I'll post some photos of the one I had. Sold it recently. Beautiful machine.
Thought I was in trouble when I read your post. "Let's get one thing straight".
Like what did I do to The Fedora Lounge?!
I love this site!
Actually you could download the picture and keep it. I have the original sent to me by a friend along w/The Hoover Baby. I have dozens of vintage Hoover pics.
I was first introduced to a Hoover 425 at one and a half years old.
Loved em' ever since.
My mom had this exact Apex. I remember it well.
Strictly a suction cleaner. The switch was a round grooved knob at the top of the handle. Twist it in the same direction to turn the machine on or off.

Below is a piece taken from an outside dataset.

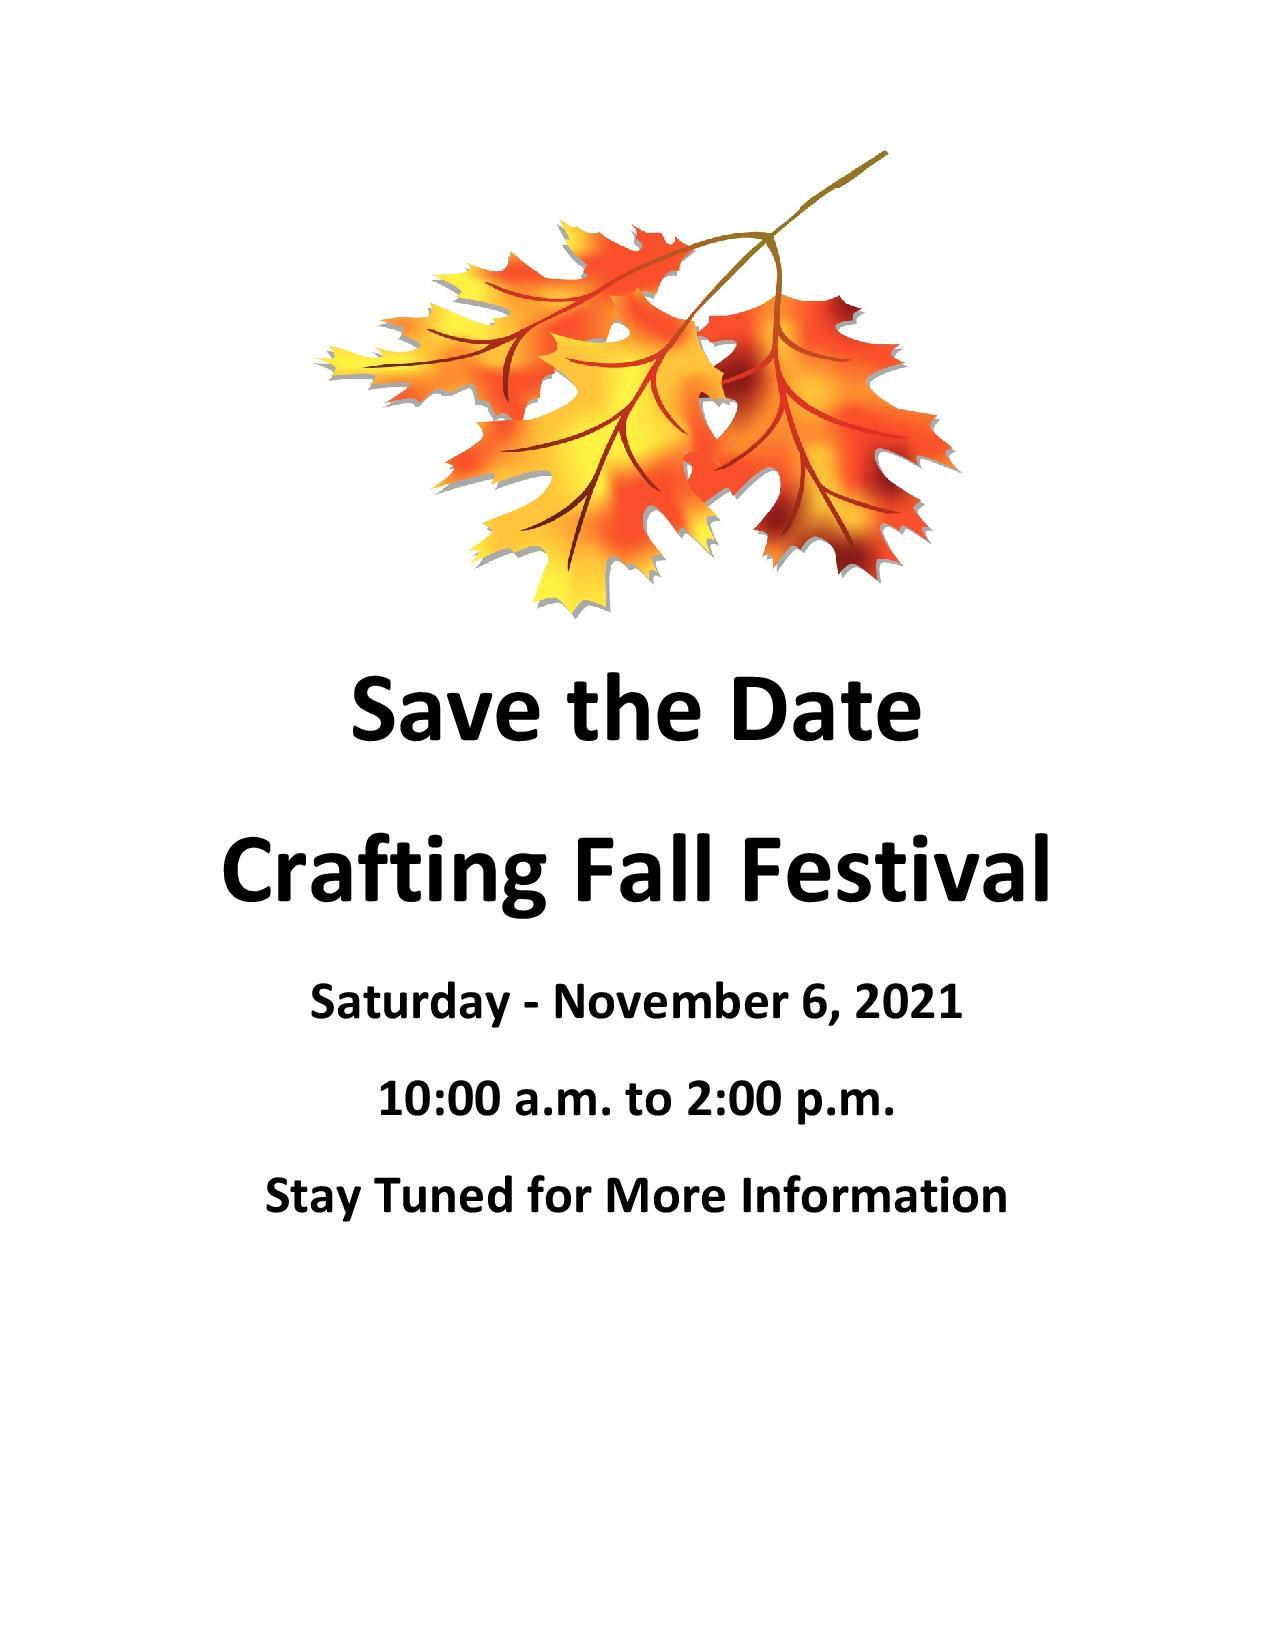 Crafting Fall Festival 2021

My dad bought the Lark in the early fifties. It was a nice apartment Hoover but not really for the amount of use we gave it. Never knew what happened to these vacuums.
Please tell me the difference between, "The Forgotten Man" and "Scotrace".
Are they two different people or one in the same? It helps to know who I'm responding to. This forum is fantastic but a little different than the few I'm familiar with.
The brass triangular badges were used on the top of the range machines up to 1932 ie. Model 700, 725, 750 (orange with black edging). In 1934 both the 800 and 450 had brass triangular badges. The 800 was black with gold edging; the 450 was orange with black edging - the last orange badged machine and also the only one incorporating the royal crest. For 1936 both the 825 and 475 had brass badges but in a rectangular shape - but chromed so they are silver. Most of these have suffered from overpolishing through the years and so the brass shows through.
The cheaper priced machines such as the 425 and 575 started life with the black aluminium badges. After the war Hoover did a generous part exchange programme and thousands of pre-war machines were refurbished and resold by them at Perivale factory in England. These machines were re-polished which meant that the original badges had to be removed for the repolishing process and presumably chucked. The freshly repolished Hoovers were then refitted with the black aluminium badges - the standard badge which Hoover had for reconditioned machines. It stands to reason that a lot of these reconditioned machines survived - they were given a new lease of life by Hoover
THAT APEX IS AMAZING!!! ORIGINAL BAG AND ALL!!!!! My friend who introduced me to vintage cleaners LOVES Apex! He has an earlier one like that and two later models from the mid to late 30s that are highly polished aluminum... streamlined and just beautiful machines.
I'm going to send him the photo of that early Apex... he'll dig it!